→ **Your assignment**:
Write out exactly the lines from the one containing "دستبند چرم مردانه" to the end of the material, both ends included, and nothing else. Leave pictures out.

→ **Raw data**:
+ + + +

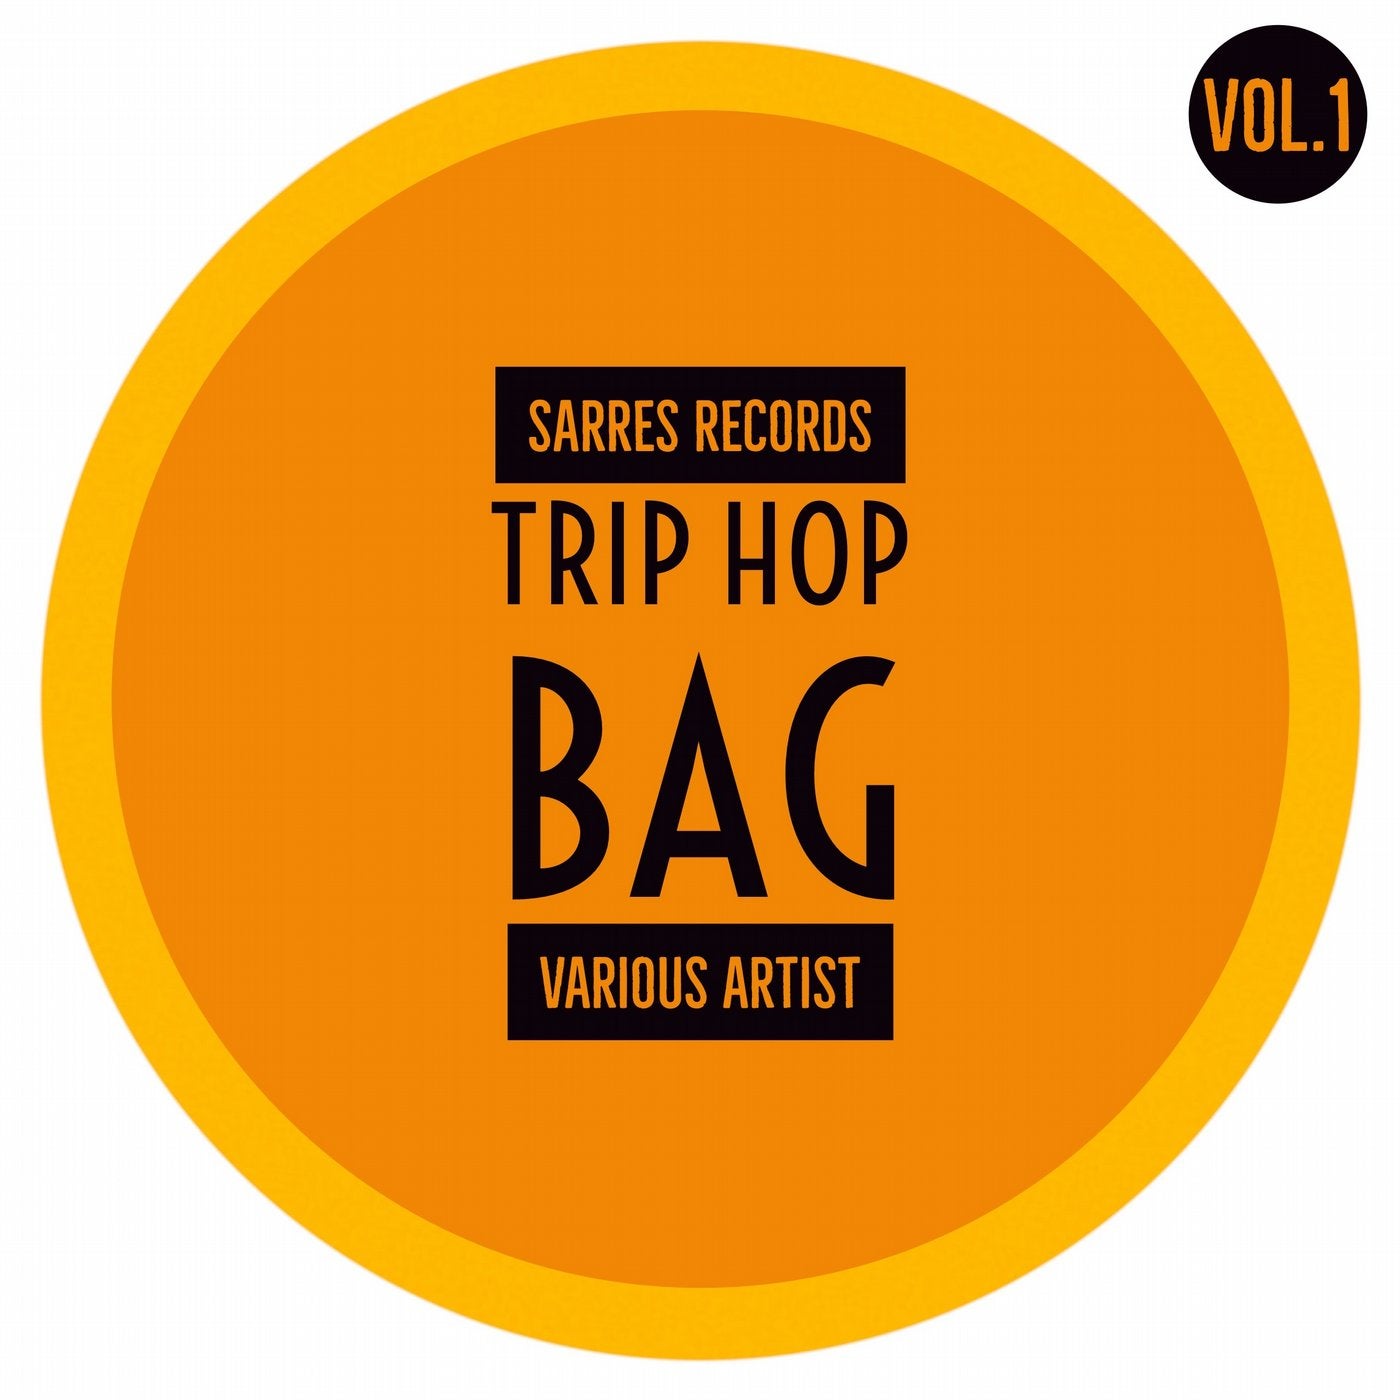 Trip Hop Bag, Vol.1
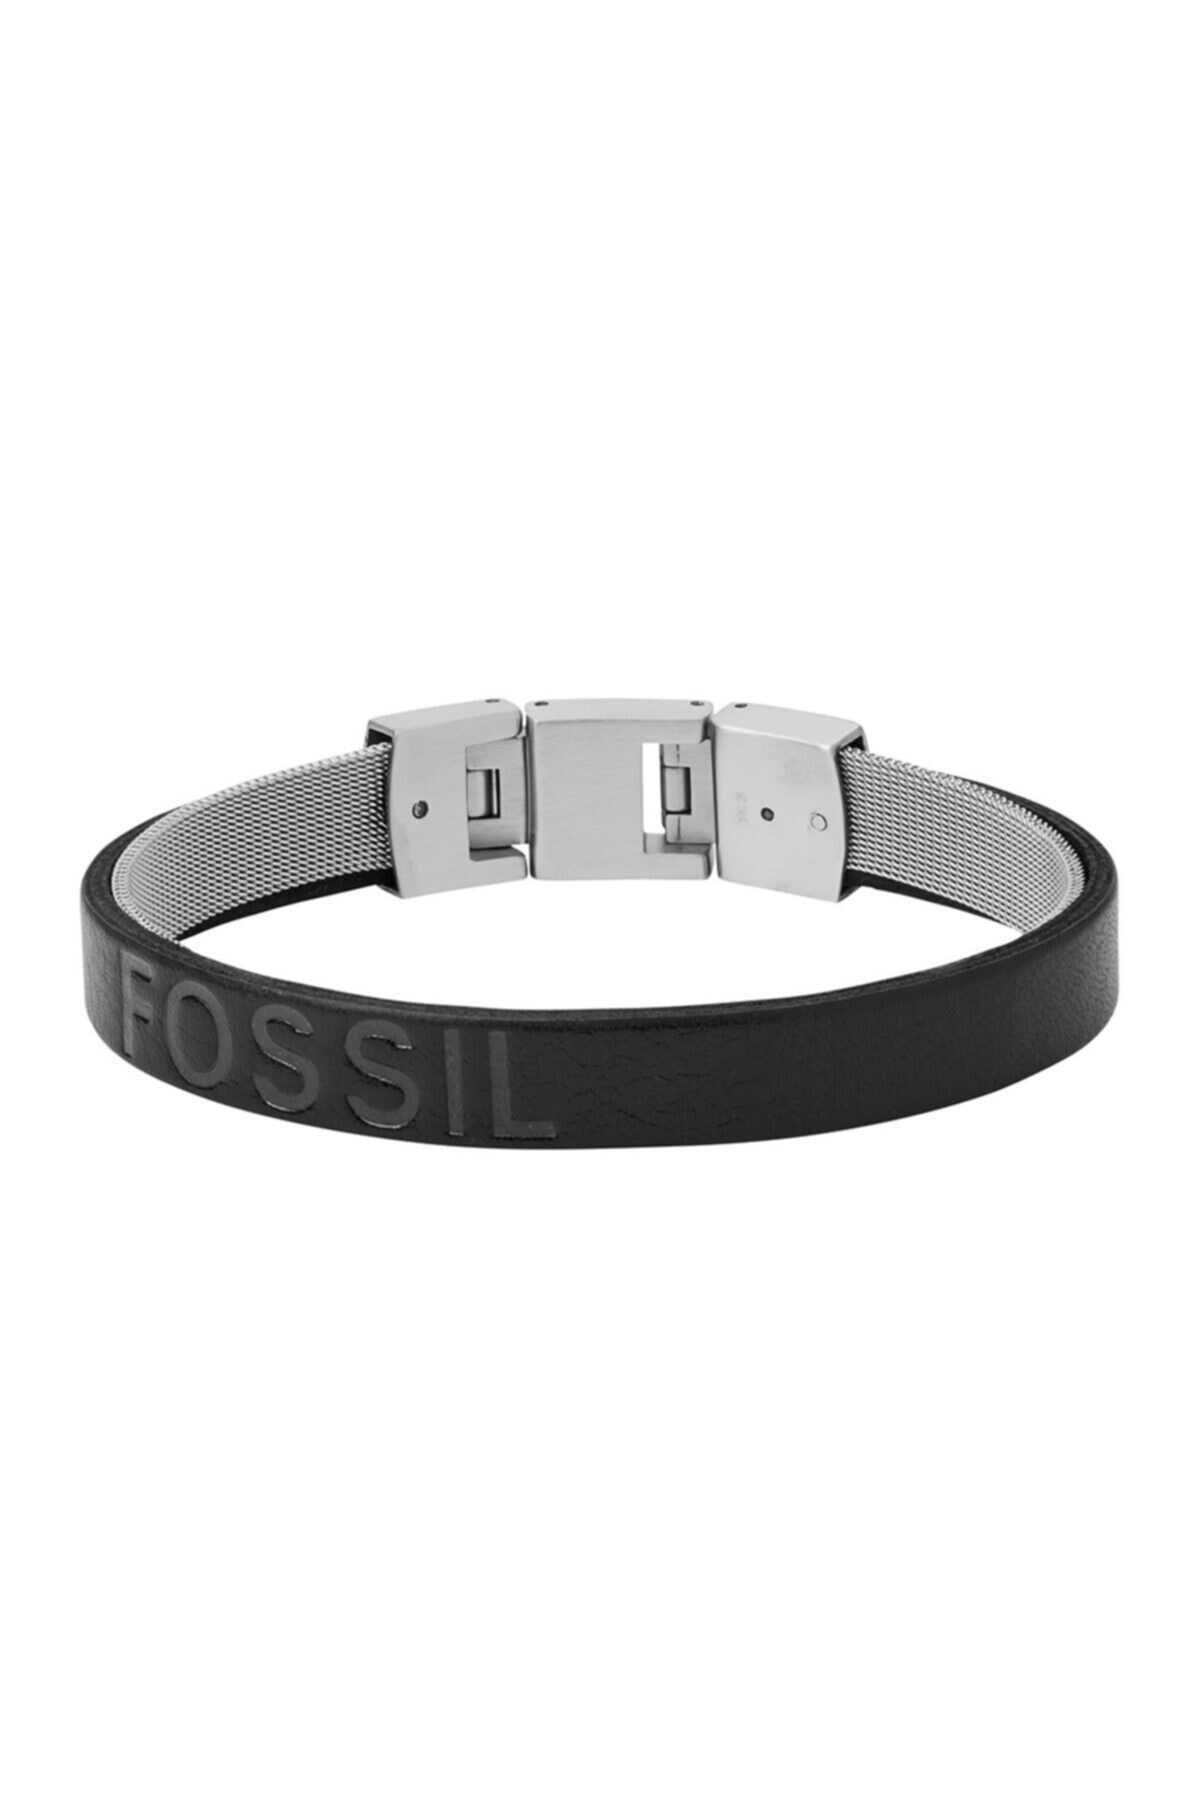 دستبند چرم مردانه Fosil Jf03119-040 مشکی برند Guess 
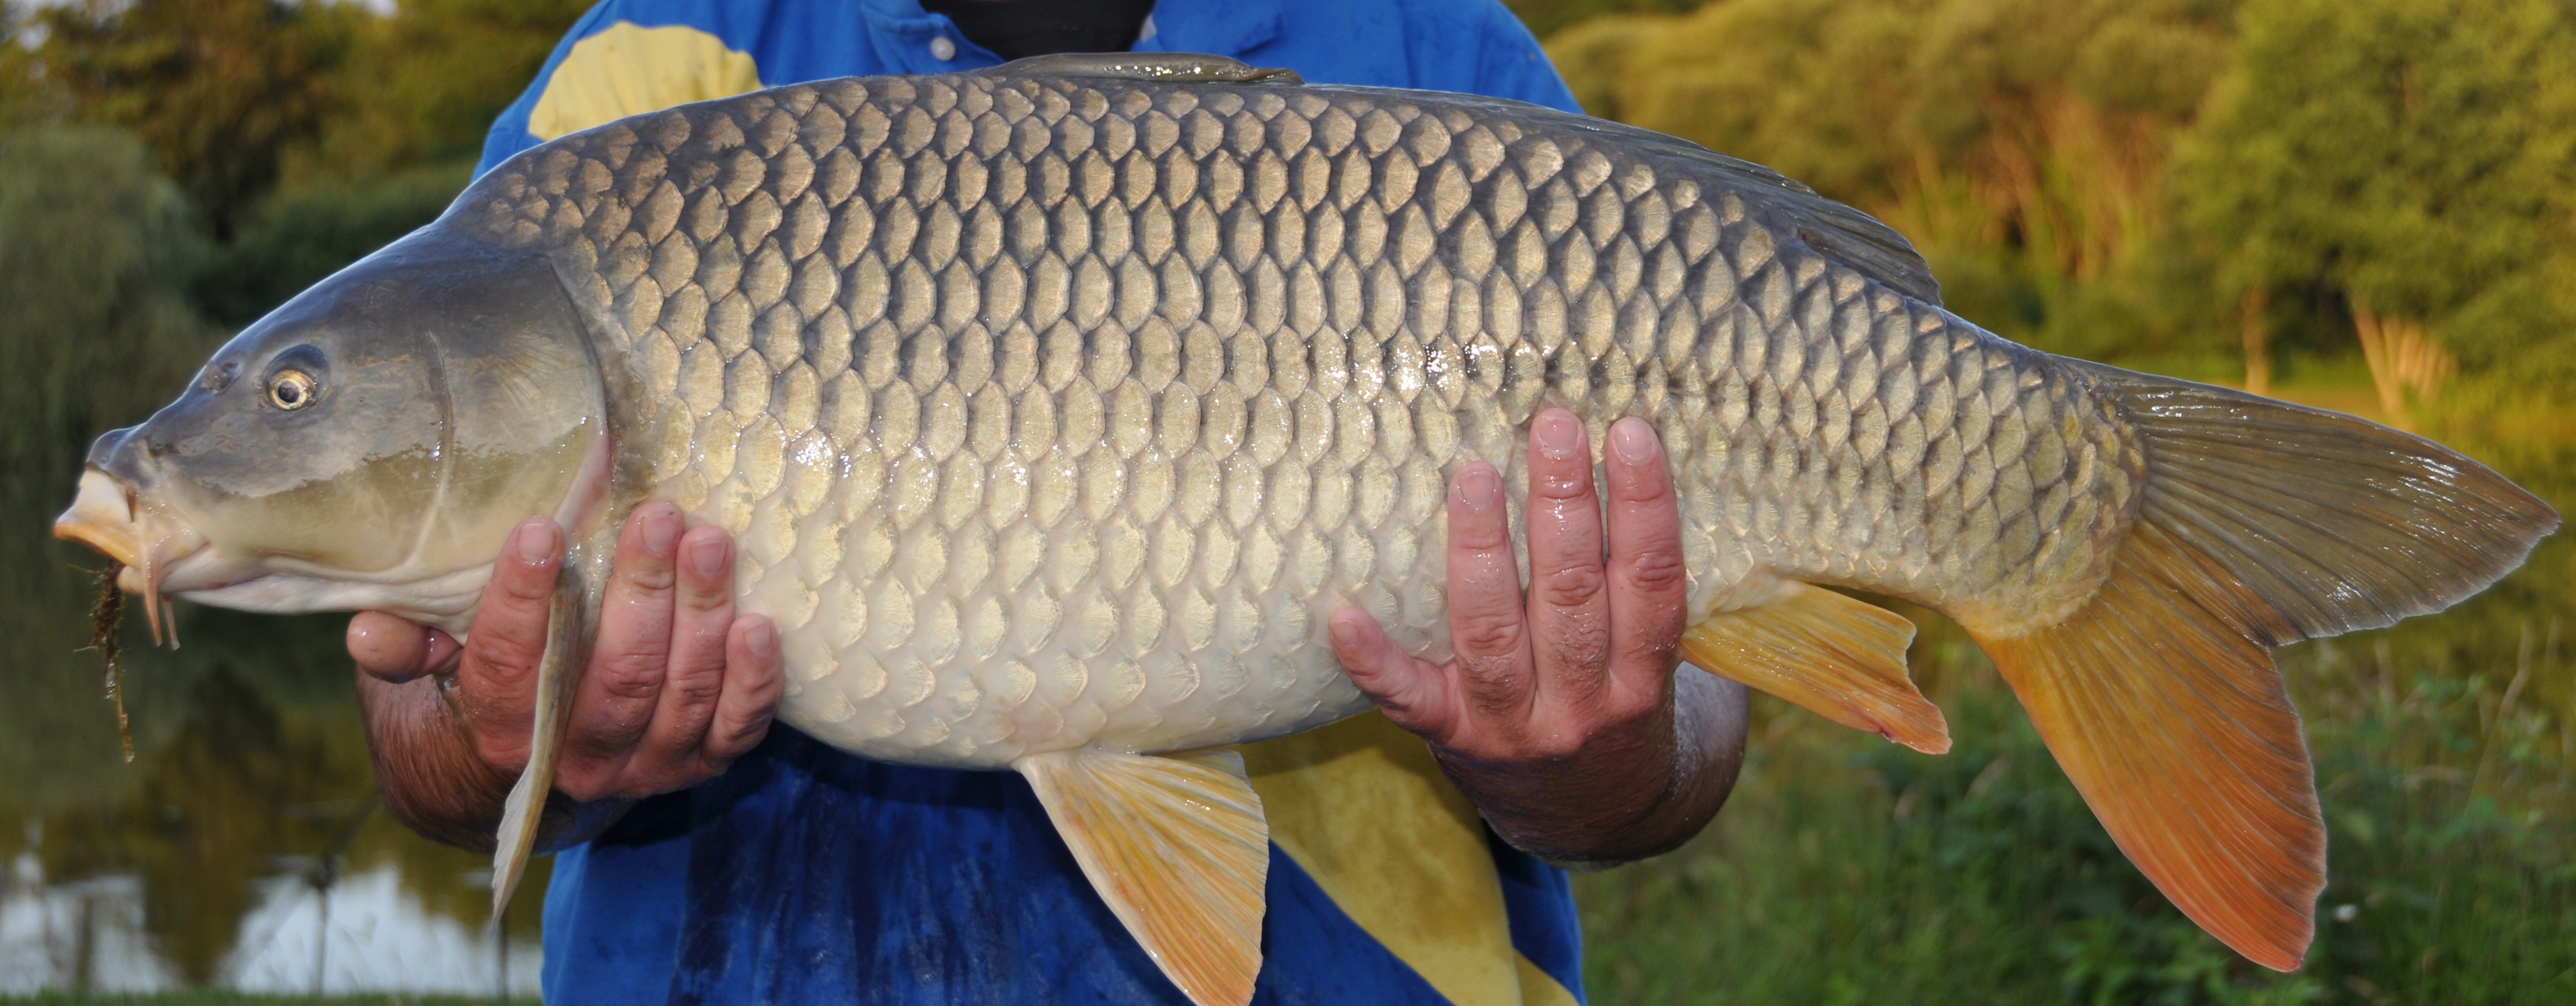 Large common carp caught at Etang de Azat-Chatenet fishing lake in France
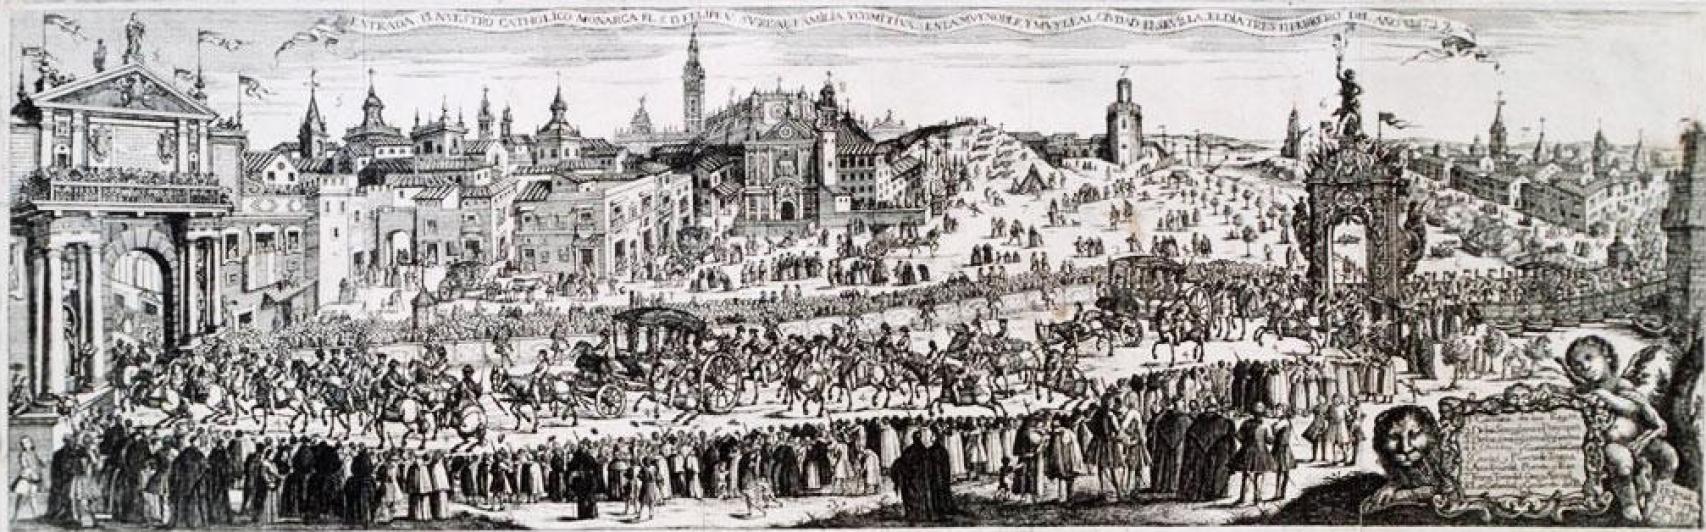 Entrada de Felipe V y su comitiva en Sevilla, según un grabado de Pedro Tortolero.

+ + + +

→ **Worked solution**:
 دستبند چرم مردانه Fosil Jf03119-040 مشکی برند Guess 
 Large common carp caught at Etang de Azat-Chatenet fishing lake in France
 Entrada de Felipe V y su comitiva en Sevilla, según un grabado de Pedro Tortolero.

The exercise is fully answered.